We identified multiple demographic and clinical characteristics that negatively impact both recipient and graft survival, namely recipient age, ethnicity, HCV/DM status, and pretransplant serum creatinine as well as donor age, ethnicity, WIT, and CIT. An increased risk of recipient mortality was seen in recipients greater than 65 years of age. Although recipient age is not considered an absolute contraindication for OLTX, there are conflicting outcome studies in the current literature regarding the impact of recipient age on liver transplantation. One such study by Herrero et al concluded that recipients older than 60 years had a significantly lower survival compared to matched controls younger than 60 years.35 This is in contrast to much of the recent literature that fails to demonstrate an increased risk of recipient mortality or graft failure in elderly recipients undergoing OLTX,36–38 except in cases of “high risk” elderly patients with poor hepatic synthetic function, elevated bilirubin, or pretransplant hospital admission, who had significantly lower survival rates than “sicker” younger patients or “less-ill” older patients.38
Donor age, much like recipient age, has led to mixed results regarding its impact on recipient and graft survival.39–42 Unfortunately, most of these studies were retrospective chart reviews with relatively small sample sizes. Interestingly, one prospective study, which did not analyze recipient or graft survival, observed an increased number of hospitalizations and longer length of initial stay in recipients 60 years or older compared to recipients less than 60 years.43
Our study also shows that both black recipients and donors infer an increased risk of recipient and graft mortality. This is in contrast to a recent study by Asrani et al that demonstrated donor race, namely African American and Asian/Pacific Islander, was not associated with graft survival after OLTX.44 Although our study did not assess donor-recipient race mismatch, a significant interaction between donor and recipient race was noted on a recent study by Layden et al.45 Specifically, black recipients with Caucasian donors had a 66% higher risk of recipient mortality compared to Caucasian recipients with Caucasian donors. However, neither the survival of Caucasian recipients with black donors nor black recipients with black donors was significantly different compared to Caucasian recipients with Caucasian donors.

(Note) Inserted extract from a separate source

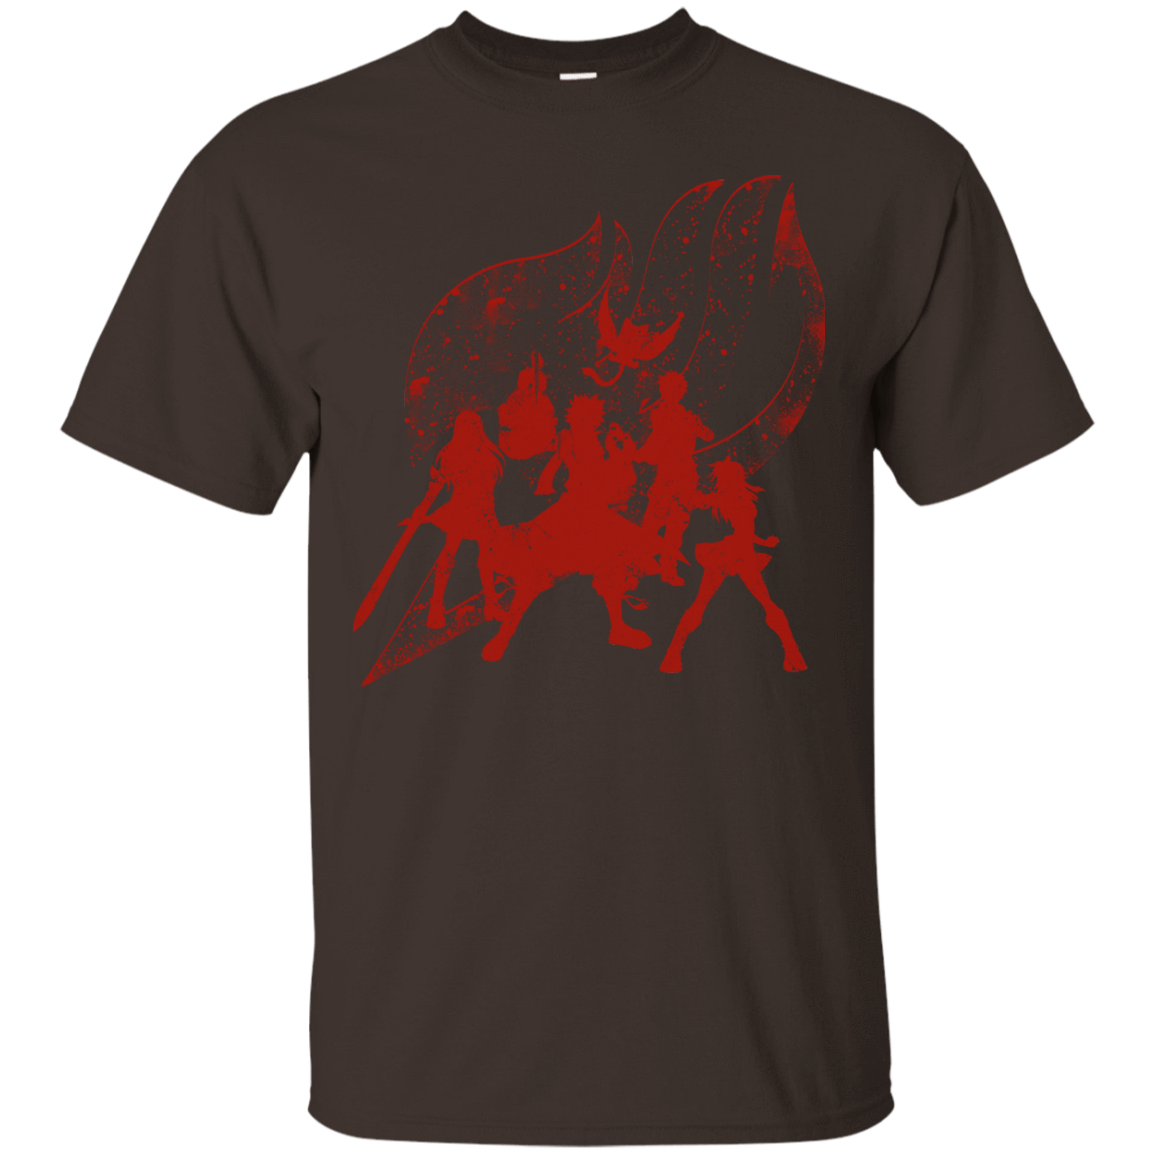 T-Shirts Dark Chocolate / S Power Guild T-Shirt

Similar to prior studies, our results demonstrate a strong negative impact of both HCV and DM on recipient and graft survival.46–51 Our results also demonstrate a profound negative impact of serum creatinine on both recipient and graft survival that is consistent with previously reported data.30,52,53 Lastly, our findings regarding the impact of WIT and CIT on recipient and graft survival are comparable to previously published data. Specifically, WIT more than 45 minutes and CIT more than 12 hours were associated with a significant increase in graft dysfunction.54 Furthermore, a recent large meta-analysis demonstrated significantly worse patient and graft survival associated with CIT more than 10 and 12.5 hours, respectively.55
LIMITATIONS
Our study suffers from the limitations inherent in a retrospective analysis of the UNOS database, namely the inability to validate the data provided as well as to control the immunosuppressive therapies and all the non-documented other potential interventions used. In an effort to overcome these limitations, a p-value of <0.01 was considered statistically significant to allow for a more strict assessment of statistical significance when using a large national database. Based on the available UNOS data, we were able to only identify the presence or absence of HCV and DM and not the length of either disease, their severity or their respective overall diabetic control, namely glycosylated hemoglobin or insulin versus dietary control. Furthermore, HCV and DM status were not recorded by UNOS until April 1, 1994, some 6 years into our study and in part explains the relatively large number of missing values in Table 1. In addition, we stratified the results based on the level of renal impairment using only serum creatinine levels and not the need for or duration of HD. Despite our intentions to include HD in our analysis, too many missing data prevented an accurate analysis of the impact of HD on recipient and graft survival. Similarly, our study does not make the distinction between preand post-MELD era outcomes.
There is also discrepancy in the number of SLK defined in the UNOS database compared to the number of SLK defined in our study. Although a large majority of the patients listed by UNOS as having SLK received a liver and kidney on the same day, 255 patients received the organs 1 day apart while 5 patients received the organs 2 days apart. No liver or kidney transplants were performed after 2 days from the initial date of transplantation if they were listed by UNOS as undergoing SLK. Similarly, of those not listed by UNOS as undergoing SLK, 204 patients received a kidney 1 day after a liver and 5 patients received a kidney 2 days after a liver. These 209 patients were added to the SLK group rather than the KALT group. In addition, of those not listed as undergoing SLK, 52 patients received a liver 1 day after a kidney and 1 patient received a liver 2 days after a kidney. These 53 patients were also added to the SLK group rather than the LAKT group. For these reasons, we defined SLK as any combination of liver-kidney transplantation occurring 2 days or less from the original transplant.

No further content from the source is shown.